For this exercise, write out the full listing that follows exactly and skip its pictures.

• COLLECTED MATERIAL:
╔══

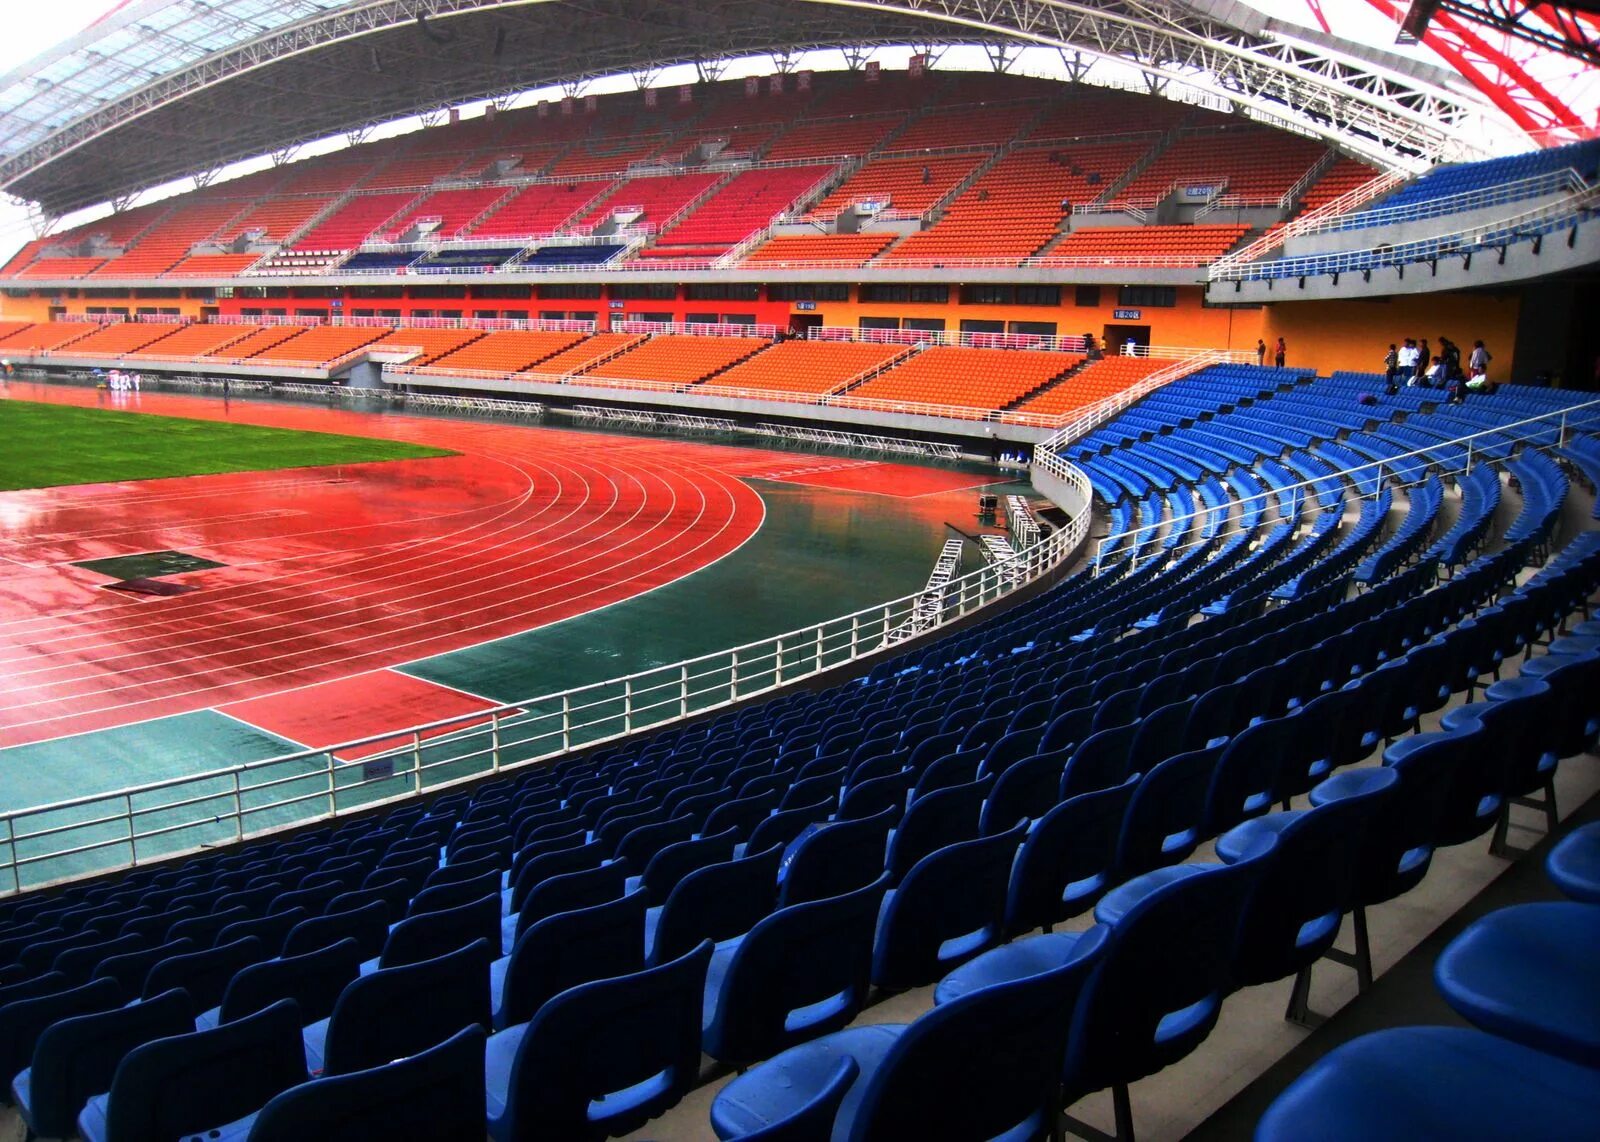 Center stadium. Zibo Sports Center Stadium. Huangpu Sports Center Stadium. Стадион казино. Стадион олимпийского спорткомплекса города Циньхуандао.
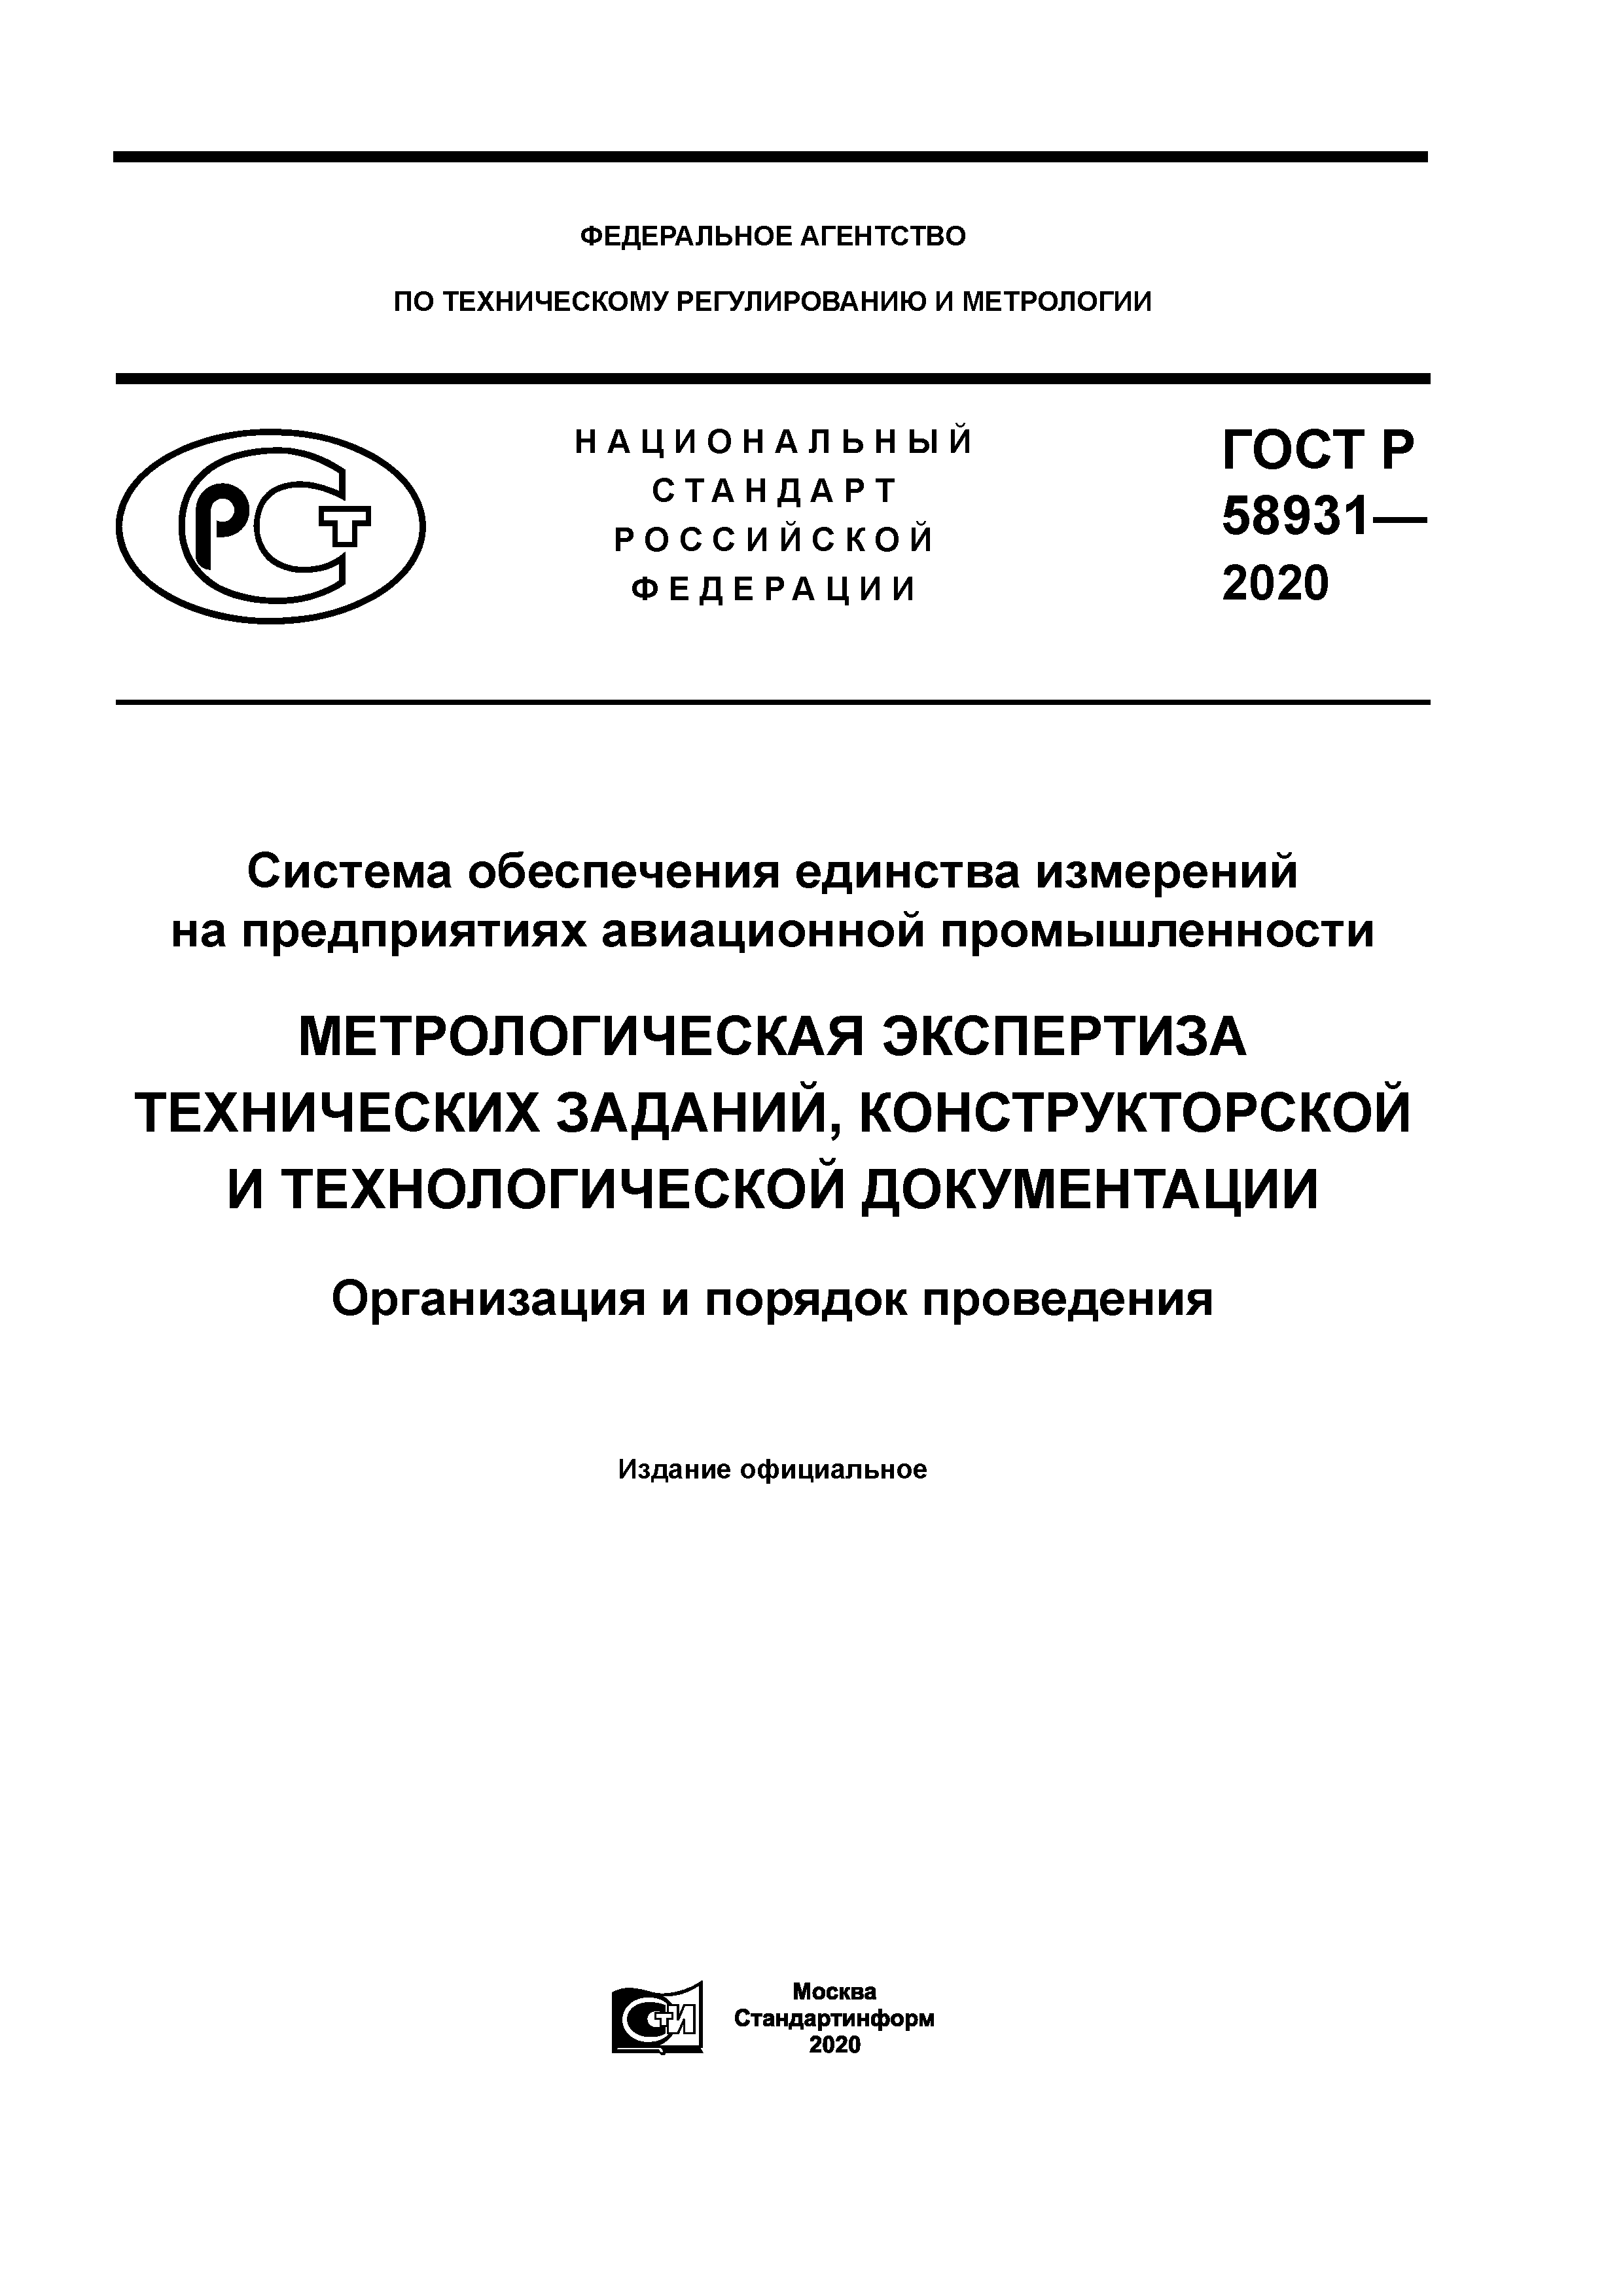 ГОСТ Р 58931-2020
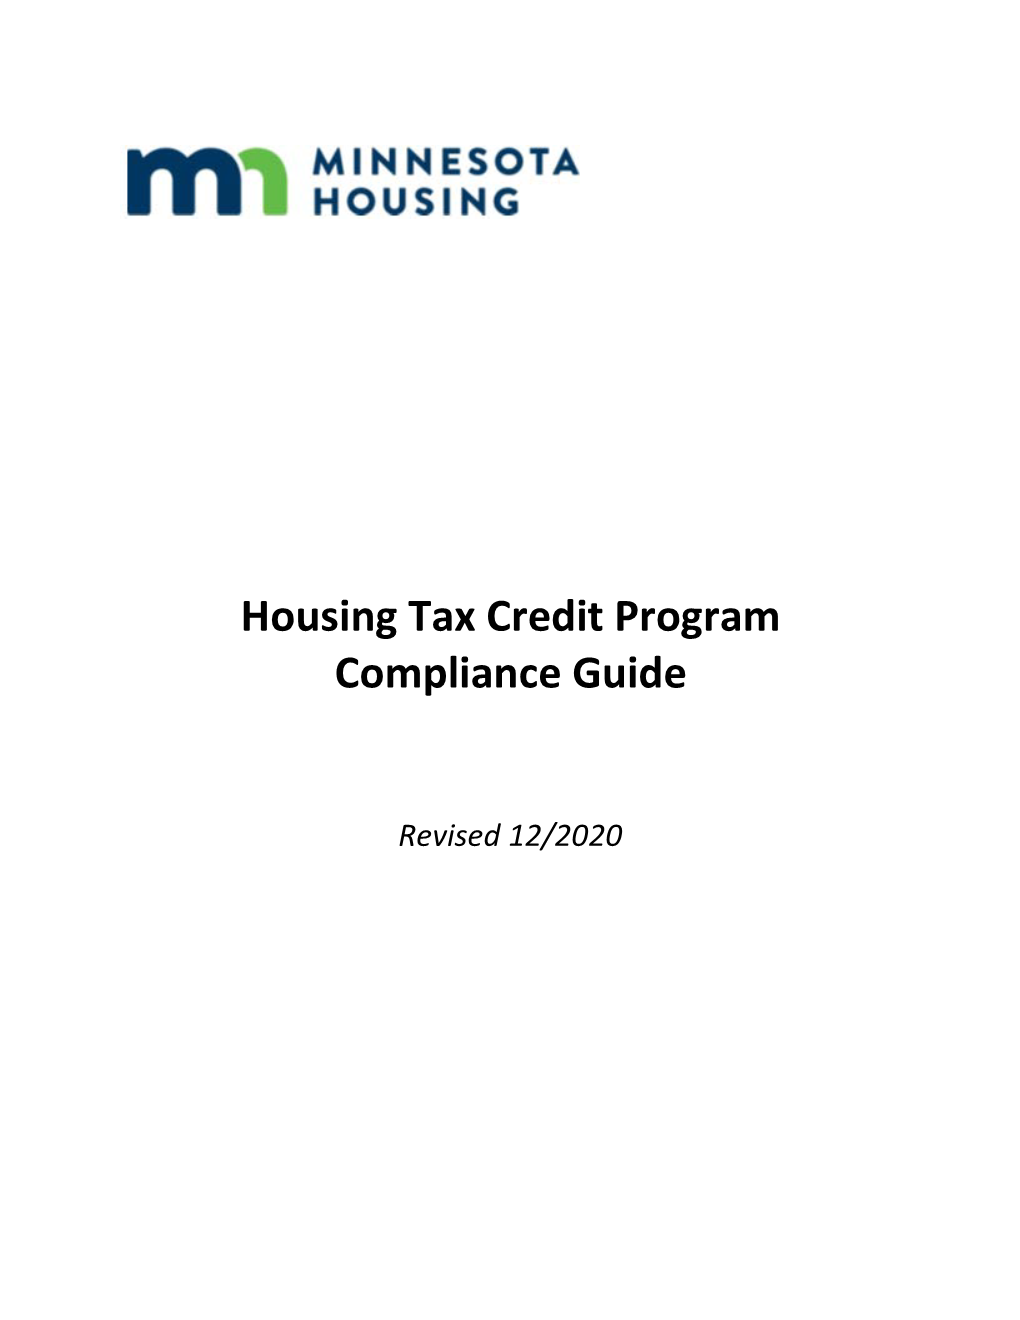 Housing Tax Credit Program Compliance Guide

╚══

• REPLY TO THE EXERCISE:
 Center stadium. Zibo Sports Center Stadium. Huangpu Sports Center Stadium. Стадион казино. Стадион олимпийского спорткомплекса города Циньхуандао.
 ГОСТ Р 58931-2020
 Housing Tax Credit Program Compliance Guide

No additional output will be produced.